Pero de la nada sale nada, me dijo un día un cierto personaje, y tenía
razón, por lo que no se puede hablar de Arredondo sin antes poner en contexto
qué fue el teatro bufo, dónde se originó, cómo nació en Cuba y hacer un poco de
su historia, tan ligada a la sustancia misma de la cubanía.
La palabra bufo, derivada de bufón, nació de la célebre Comedia
del Arte, fenómeno de la cultura popular italiana del siglo XVI, dicen
unos, y XVIII afirman otros. No era una compañía de actores tal como hoy las
conocemos, sino un género popular con personajes fijos que representaban a las
diferentes clases sociales. Los actores eran mimos consumados y salían a escena
con máscaras perfectamente identificables que caracterizaban a los personajes,
y vestuarios muy coloridos que hoy nos parecerían extravagantes o circenses,
pero se derivaban de los grupos de volatineros medievales que actuaban en las
ferias de pueblos y ciudades, sobreviviendo de la caridad pública.
Las puestas en escena
tenían parlamentos, pero también canciones, bailes y acrobacias, en los que los
actores eran diestros. Las obras eran muy breves y las historias descabelladas,
y en ellas se hacía burla, en ocasiones soez, de los grandes temas del
intelecto y el espíritu, la política y, de alguna manera no siempre explícita,
la vida licenciosa de monjas y frailes. El público gustaba mucho de estas
representaciones, y solía rodear el estrado donde tenían lugar las cabriolas y
diálogos de los actores.
EN
CUBA
Existe constancia de que
la primera obra teatral cubana fue representada en La Habana, en un ranchón
rústico, por un grupo de jóvenes. Se titulaba Los buenos en el cielo y los malos en el suelo, y era una comedia
con elementos de sátira y parodia que más tarde, al separarse, dieron lugar a
géneros como la parodia, el sainete y el apropósito. Que no puedo describir
porque no tengo idea de lo que significó. Ello ocurrió en 1598 y ese año se
cita como el nacimiento no solo del teatro en Cuba, sino del bufo cubano, que
con el tiempo desarrollaría tipos y temas muy propios que contribuirían a la
conformación y reafirmación de nuestra nacionalidad. A mediados del siglo XIX
el bufo cubano ya tiene fisonomía propia. Sus personajes: el Negrito, ya no un
esclavo precisamente, sino un criollo vaguísimo, picarón y con mucho gracejo;
el Gallego, inmigrante, serio, trabajador, obstinado y con muy pocas luces; y
la Mulata, linda y zalamera que se alía con el Negrito para embromar o
aprovecharse del Gallego. Su lugar fue el teatro Martí.
Arquímedes Pous, nacido en 1891, iba
a estudiar Medicina por orden de su familia, pero amaba las tablas.

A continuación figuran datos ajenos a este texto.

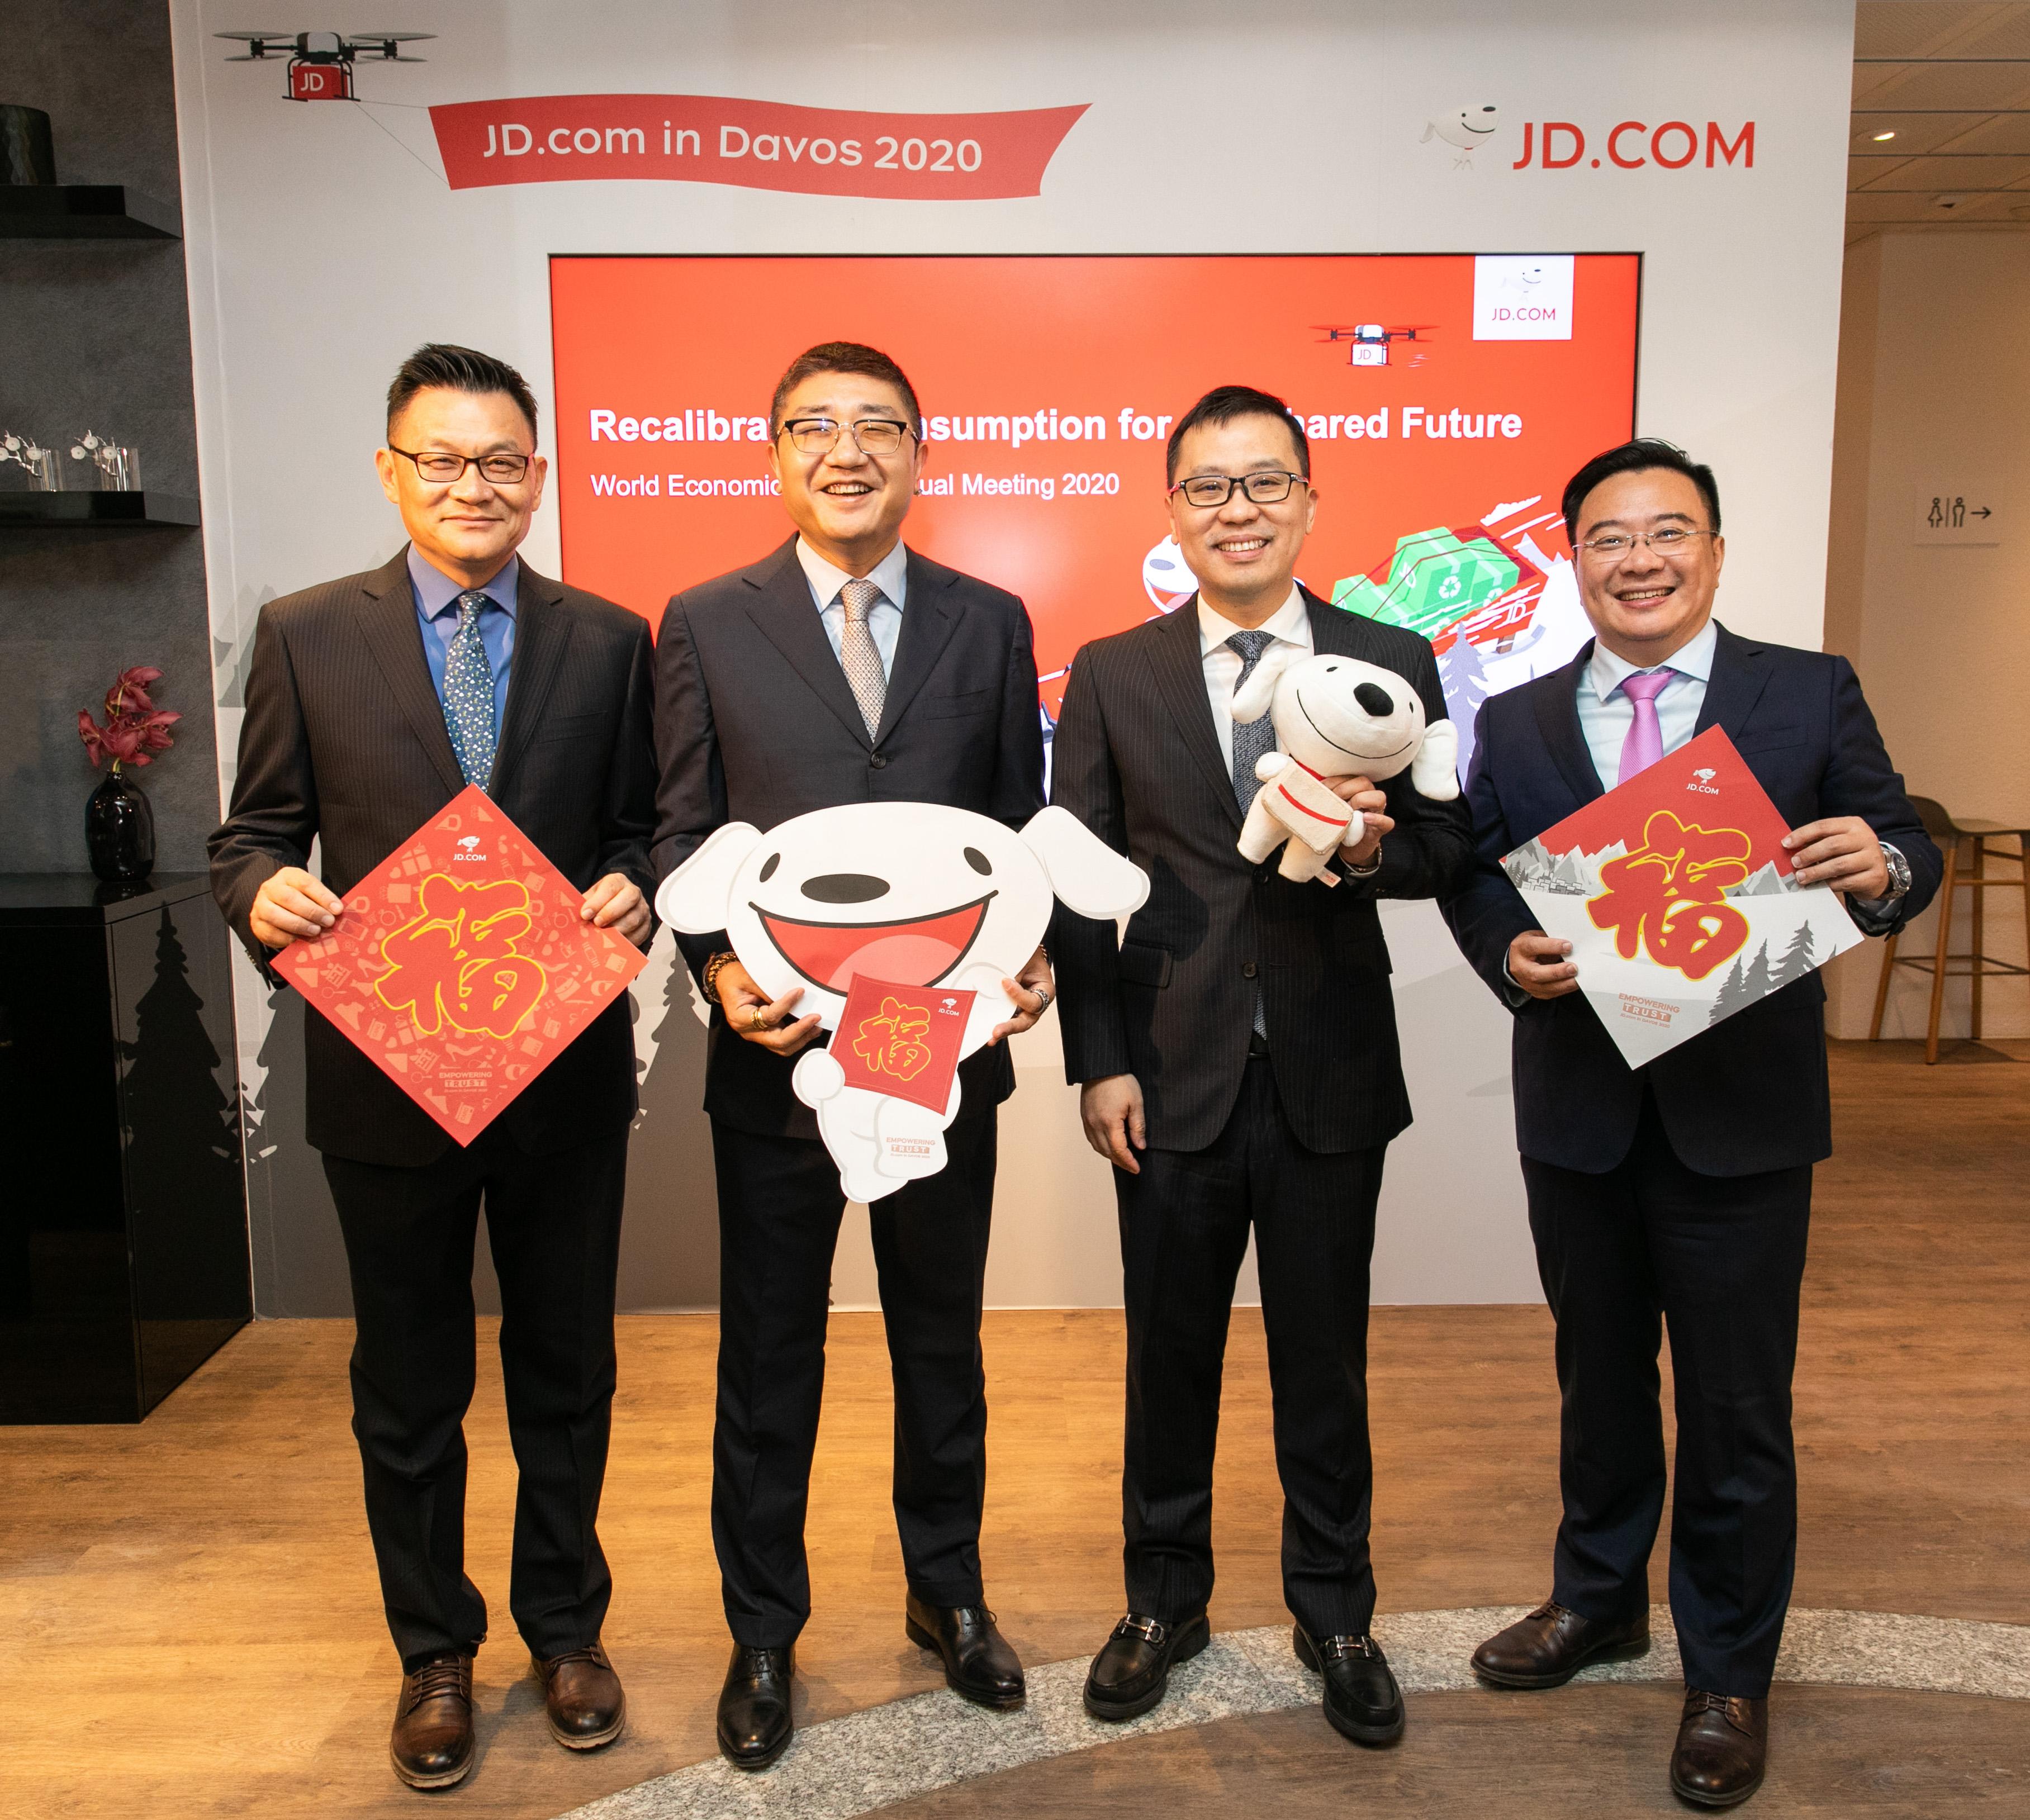 京东物流CEO王振辉再次亮相达沃斯,详解世界领先供应链企业可持续发展路径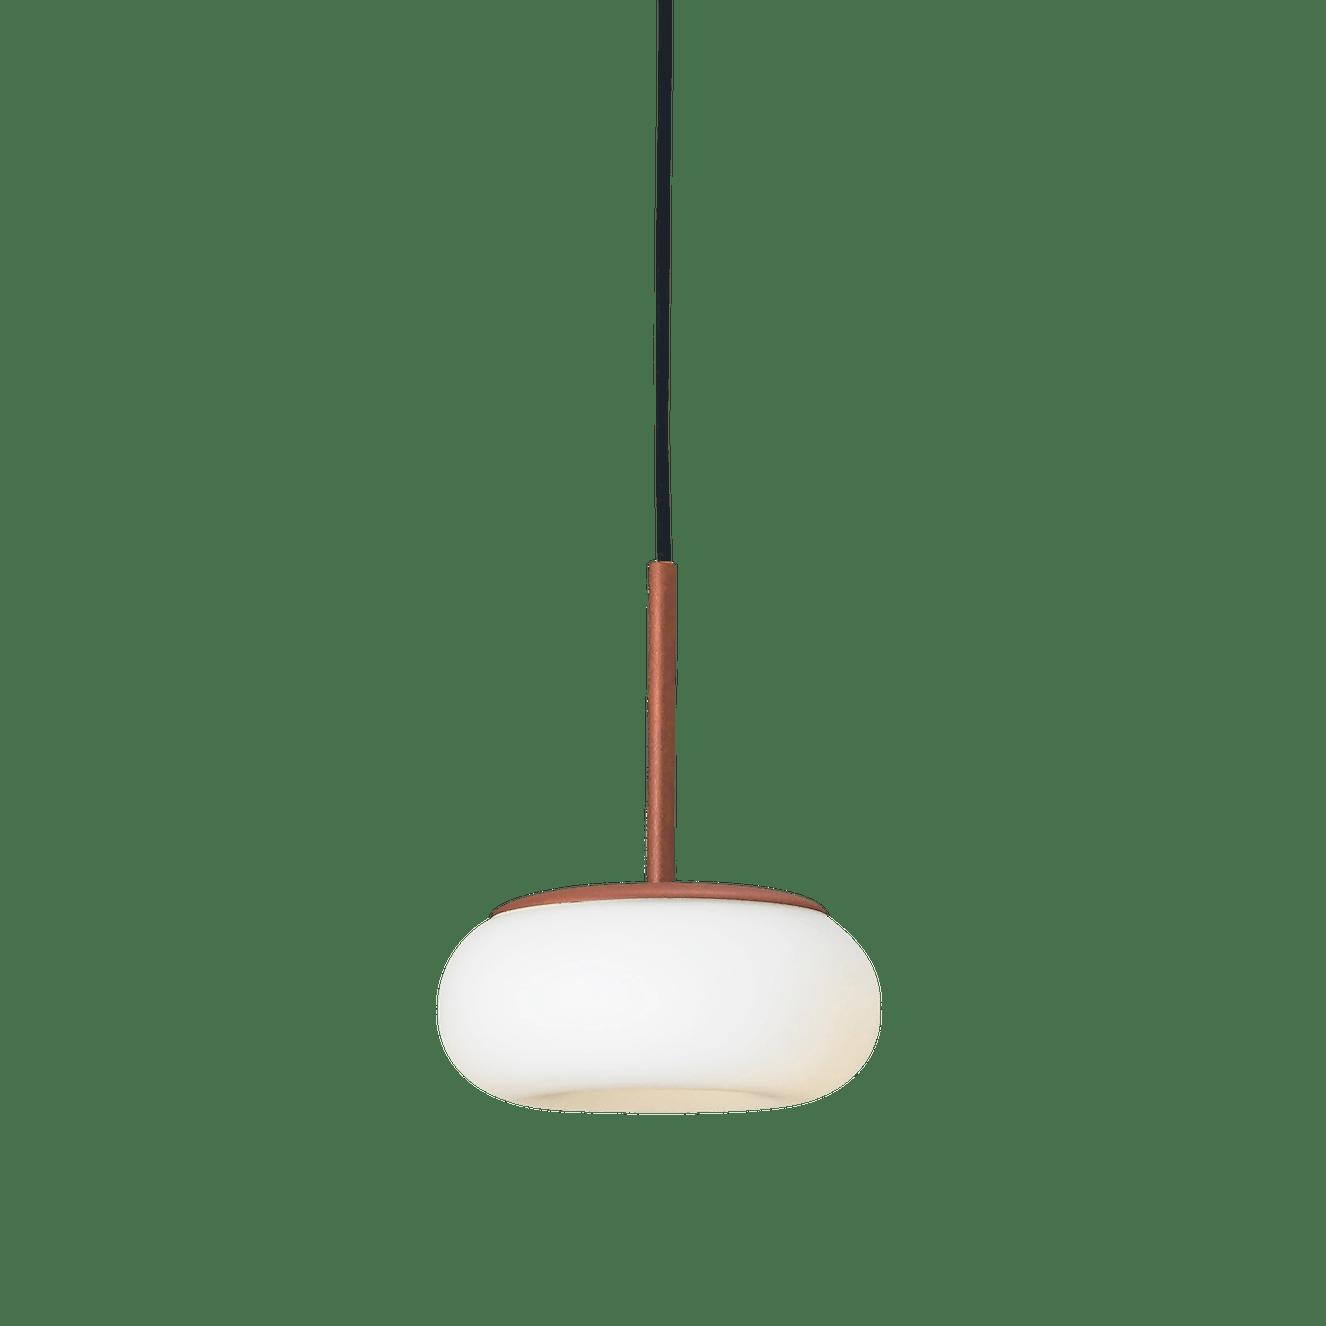 Ago lighting small mozzi pendant terracotta lit haute living

Una noche,
mientras se encontraba ayudando a montar el escenario de un teatro, vio a un
familiar suyo que le buscaba. Se tiznó con carbón rostro y manos y se escondió
para no ser reconocido y devuelto a casa. Tenía entonces 15 años, pero su
carrera había comenzado y pronto fue contratado por el teatro Martí, de cuya
compañía de actores llegó a ser director. Además, en su condición
de coreógrafo, sobresalió en los bailes típicos cubanos y norteamericanos.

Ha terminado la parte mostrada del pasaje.